Billionaire hedge fund founder David Tepper disclosed that, following the Federal Reserve’s recent rate cut, he opted to significantly invest in Chinese stocks. Tepper explained his strategy in an interview with CNBC’s “Squawk Box” on Thursday, stating, “I thought that what the Fed did last week would lead to China easing, and I didn’t know that they were going to bring out the big guns like they did.” He described a notable shift in his investment approach.
Tepper elaborated on his expanded investments in Chinese stocks, noting, “We got a little bit longer, more Chinese stocks,” and mentioning that his former limits of 10% to 15% in Chinese equities are no longer applicable. He suggested that he might have considerably increased his stake, including significant purchases of large-cap tech giants like Alibaba and Baidu, following the U.S.’s interest rate reduction earlier in the month.
Expressing optimism about the Chinese market, Tepper highlighted that state media reported Chinese President Xi Jinping and other top leaders had reaffirmed efforts to stimulate the economy. This announcement followed China’s recent interest rate cuts and additional measures to support the property market. Tepper described these steps as unexpectedly robust, particularly the fiscal stimulus measures, which exceeded market expectations.
The iShares China Large-Cap ETF (FXI) saw a premarket rally of 6.8% following Tepper’s comments, building on gains from a strong session for both Chinese and Hong Kong stocks. Tepper remarked on the relative affordability of the Chinese market compared to U.S. equities, highlighting the “single multiple P/Es with double-digit growth rates for the big stocks” in China versus much higher valuations in the S&P 500.

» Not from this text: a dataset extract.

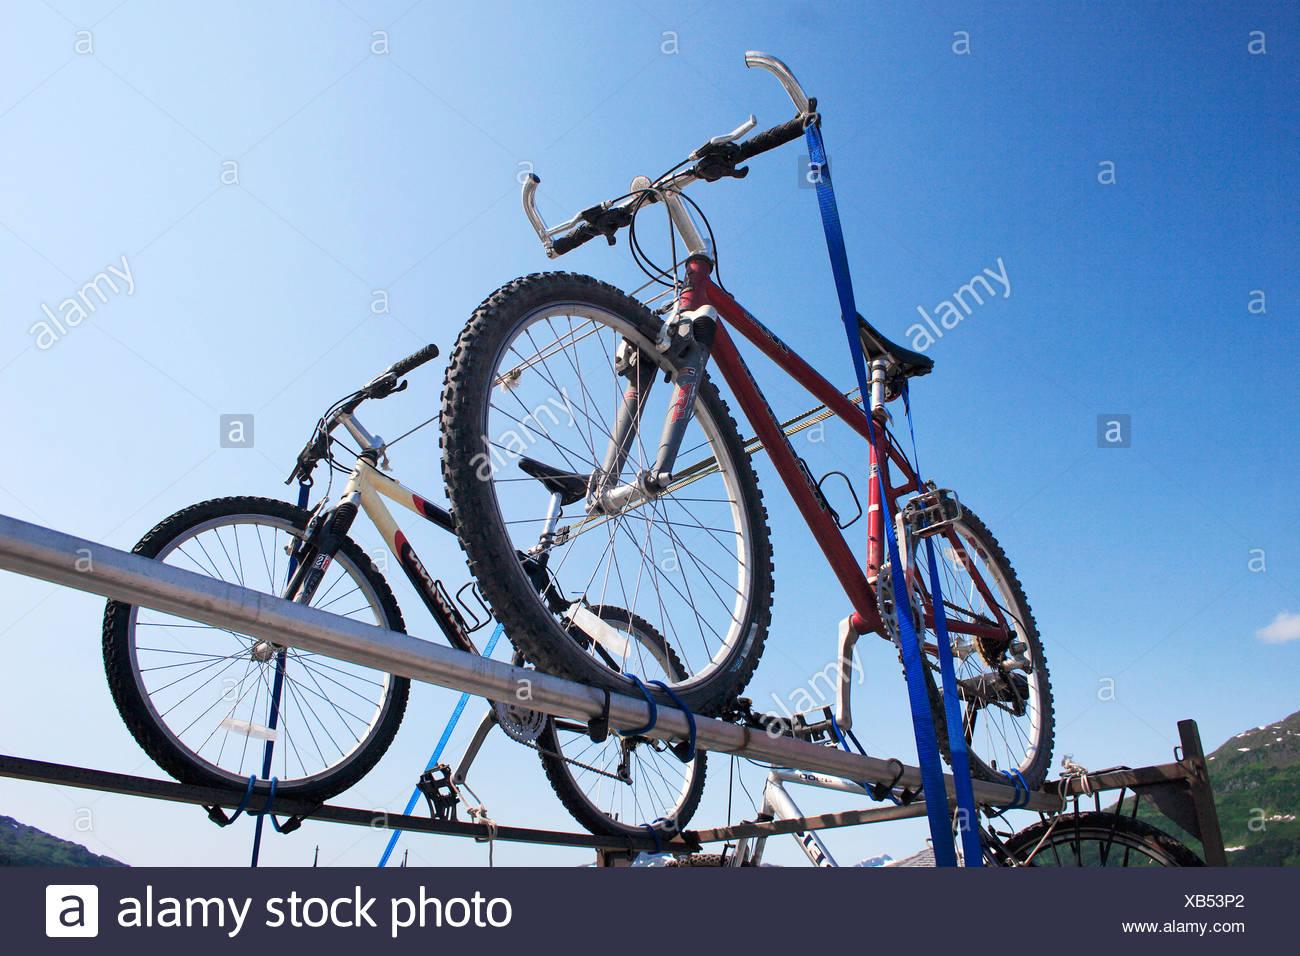 Cycle Mounted Stockfotos & Cycle Mounted Bilder - Alamy
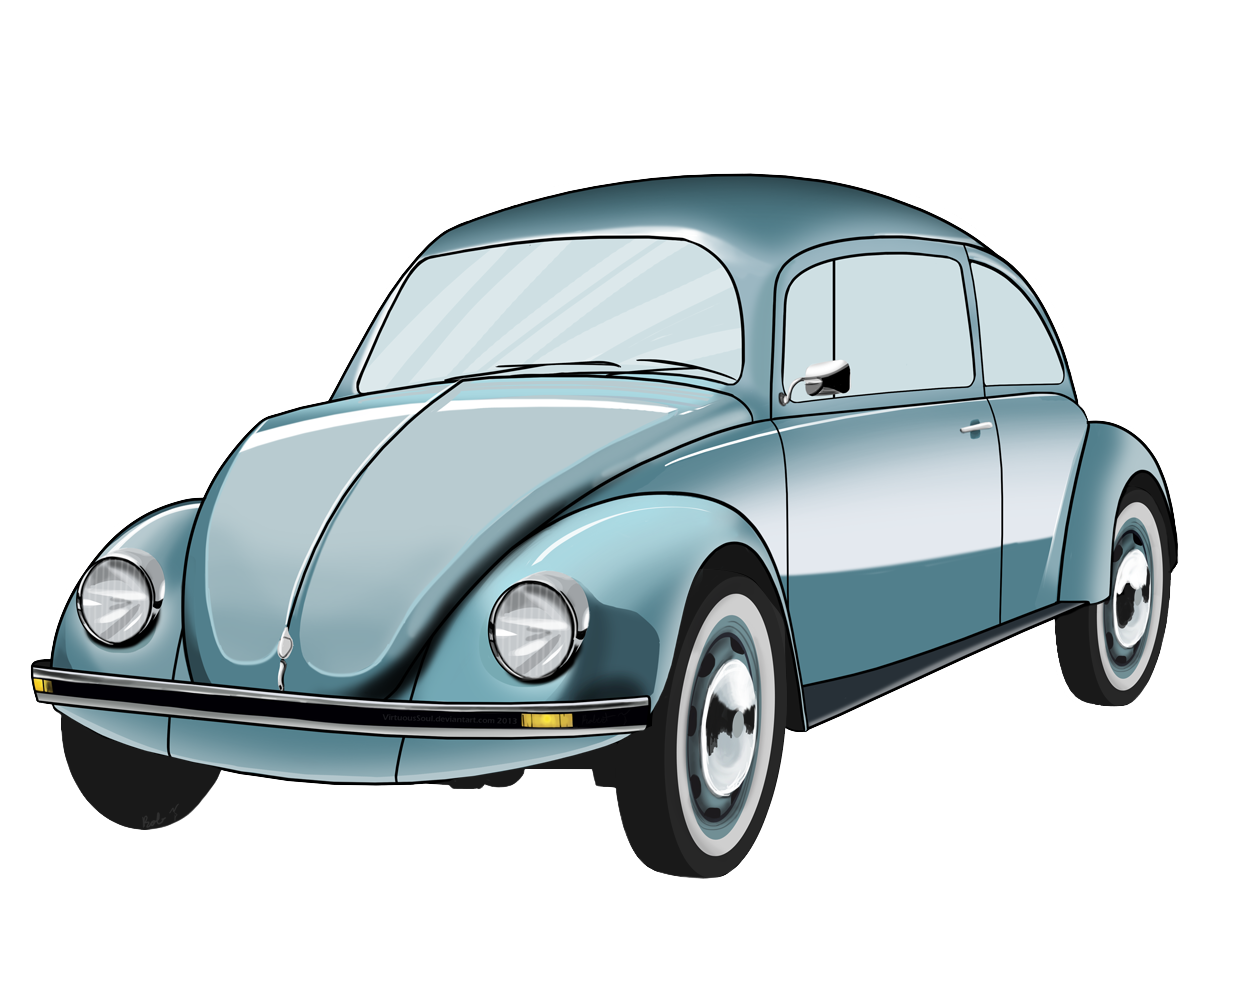 Free Vw Bug Clipart, Download Free Clip Art, Free Clip Art.

As part of his broader investment strategy in China, Tepper indicated he would also invest in Wynn Resorts and Las Vegas Sands. These casino stocks surged by more than 6% and 7%, respectively.
Despite rising geopolitical concerns and the potential for increased tariffs between the U.S. and China deterring many investors, Tepper remained unfazed by these risks, stating succinctly, “My counter bet is that I don’t care.”